How to "select" columns from an array of struct?-CodePudding

I have an array of structs and I want to create a new column, but only select a few columns from the struct.

Currently, I am doing it this way:

F.array(F.struct(
    F.col('orig_column.item_1'),
    F.col('orig_column.item_2'),
    F.col('orig_column.item_3')))

However, the schema is not what I want. I get this:

root
 |-- orig_column: array (nullable = true)
 |    |-- element: struct (containsNull = true)
 |    |    |-- item_1: long (nullable = true)
 |    |    |-- item_2: long (nullable = true)
 |    |    |-- item_3: long (nullable = true)
 |    |    |-- item_4: integer (nullable = true)
 |    |    |-- item_5: integer (nullable = true)
 |    |    |-- item_6: integer (nullable = true)
 |    |    |-- item_7: boolean (nullable = true)
 |-- new_column: array (nullable = false)
 |    |-- element: struct (containsNull = false)
 |    |    |-- item_1: array (nullable = true)
 |    |    |    |-- element: long (containsNull = true)
 |    |    |-- item_2: array (nullable = true)
 |    |    |    |-- element: long (containsNull = true)
 |    |    |-- item_3: array (nullable = true)
 |    |    |    |-- element: long (containsNull = true)
 |    |    |-- item_4: array (nullable = true)
 |    |    |    |-- element: integer (containsNull = true)

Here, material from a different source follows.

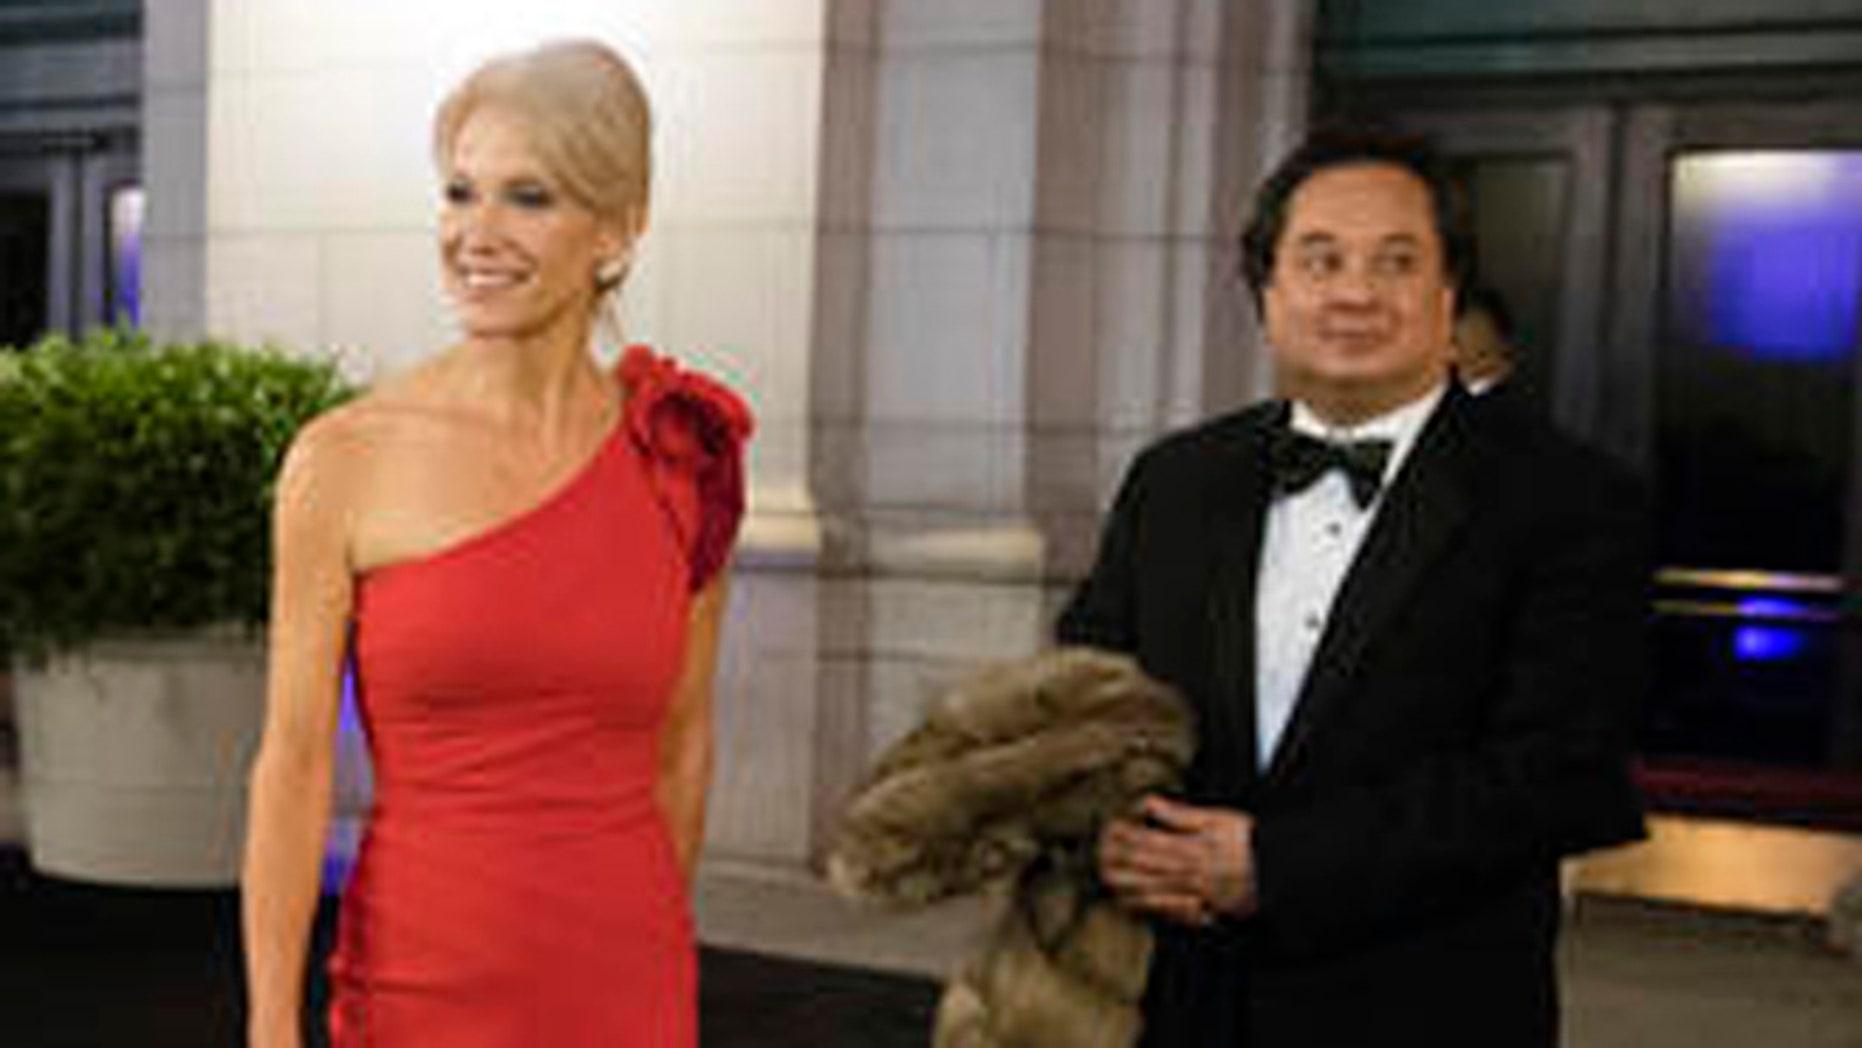 FILE: Jan. 19, 2017: President Trump adviser Kellyanne Conway and husband George Conway, Union Station, Washington, D.C. (Associated Press)

What I wanted to happen is:

root
 |-- new_column: array (nullable = true)
 |    |-- element: struct (containsNull = true)
 |    |    |-- item_1: long (nullable = true)
 |    |    |-- item_2: long (nullable = true)
 |    |    |-- item_3: long (nullable = true)

What am I doing wrong?

CodePudding user response：

Since the structs are inside an array, you can "loop" through every element of the array using transform to transform it to whatever you like. The following code selects only desired fields.

Spark 3.1

from pyspark.sql import functions as F
df = spark.createDataFrame(
    [([(2, 2, 2, 2,)],)],
    'orig_column:array<struct<item_1:bigint,item_2:bigint,item_3:bigint,item_4:int>>'
)

df = df.withColumn(
    'new_column',
    F.transform(
        "orig_column", 
        lambda x: F.struct(
            x.item_1.alias('item_1'), 
            x.item_2.alias("item_2"), 
            x.item_3.alias("item_3"))
    )
)

df.printSchema()
# root
#  |-- orig_column: array (nullable = true)
#  |    |-- element: struct (containsNull = true)
#  |    |    |-- item_1: long (nullable = true)
#  |    |    |-- item_2: long (nullable = true)
#  |    |    |-- item_3: long (nullable = true)
#  |    |    |-- item_4: integer (nullable = true)
#  |-- new_column: array (nullable = true)
#  |    |-- element: struct (containsNull = false)
#  |    |    |-- item_1: long (nullable = true)
#  |    |    |-- item_2: long (nullable = true)
#  |    |    |-- item_3: long (nullable = true)

Spark 3.1.2

df = df.withColumn(
    'new_column',
    F.expr("transform(orig_column, x -> struct(x.item_1, x.item_2, x.item_3))")
)

Spark 2.4

df = df.withColumn(
    'new_column',
    F.expr("transform(orig_column, x -> struct(x.item_1 as item_1, x.item_2 as item_2, x.item_3 as item_3))")
)